Before it was vp90 codec which compressed really well, but took 3+ second per to encode per image. One episode took ~40 minutes to generate. I have swaped vp90 with mp4v codec and now it takes only 0.3 second per frame, but the env takes ~1 second per step. It takes 20 minutes to finish the game and generate final video.

Is there any already available way to record environment faster? Mayber better codec, or make stepping faster? I see that gpu is barely utilized. Maybe record each agent as a step/game state save it into log and then play it in game/environment runner (like in replays in videogames such as Lux-AI competition on kaggle, quake, dota 2, counter-strike, etc.).

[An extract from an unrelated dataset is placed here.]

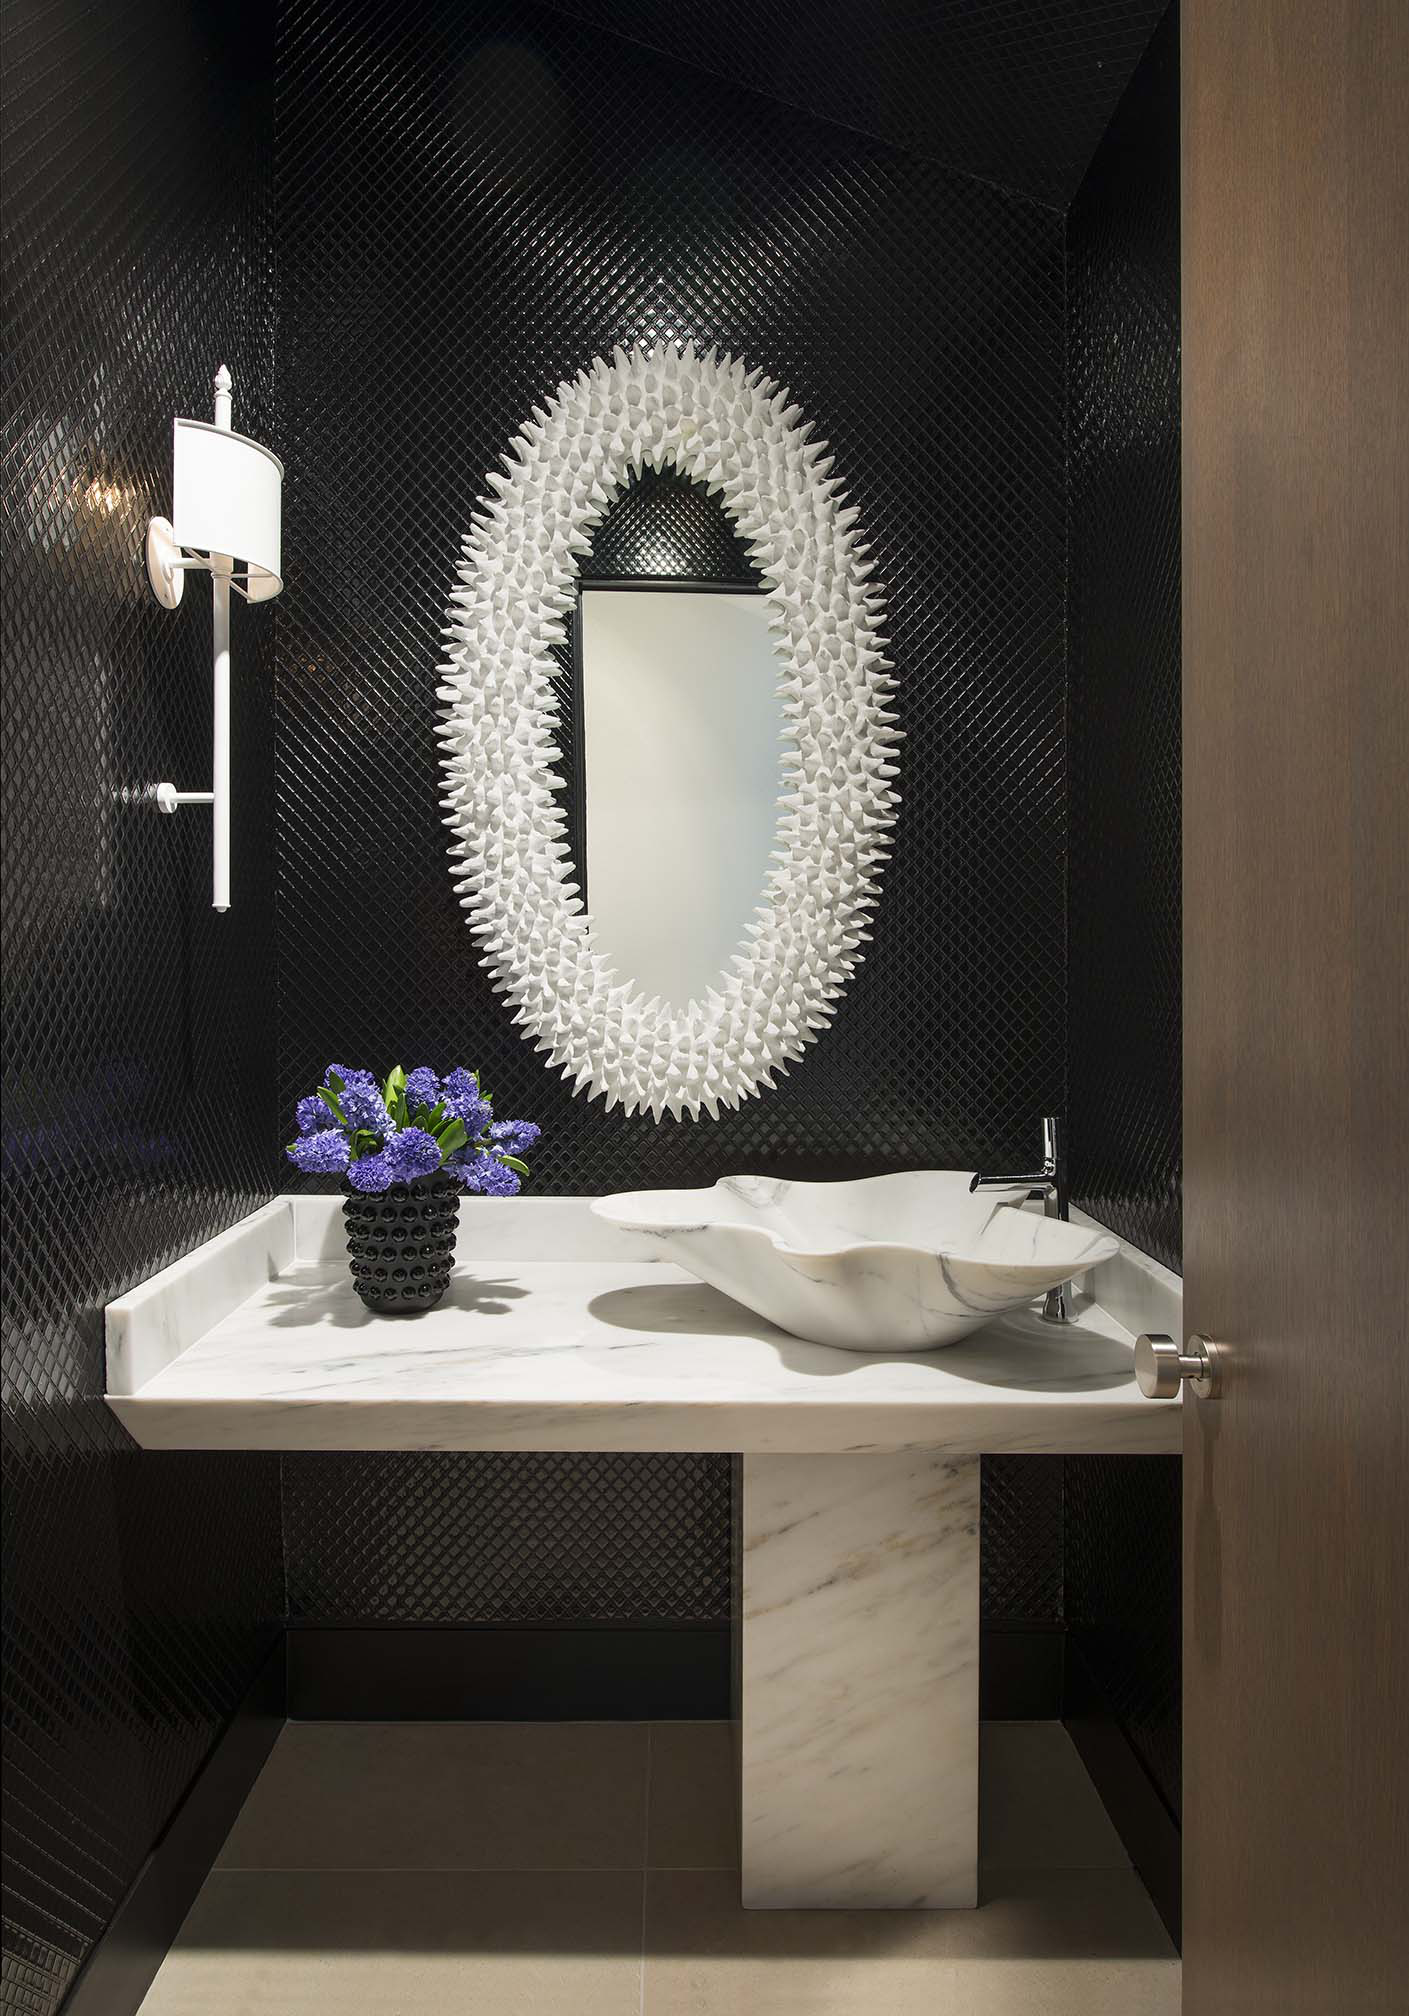 Sleek powder bath with custom marble vanity and sink by Denise McGaha Interiors

duenez commented 11 months ago

You can always put an observer on the scenario observables substrate.timestep.observation[0]['WORLD.RGB'] and extract those images into a pygame window so you can see the episode as it's being generated. That way you don't have to wait for the episode to end to observe the behaviour. Of course this has to be run interactively / with access to a graphical system, so it's not for parallelisation.

rstrivedi commented 11 months ago

By the way, the approach of using pygame is available in train/render_models.py. You can port the relevant part from there.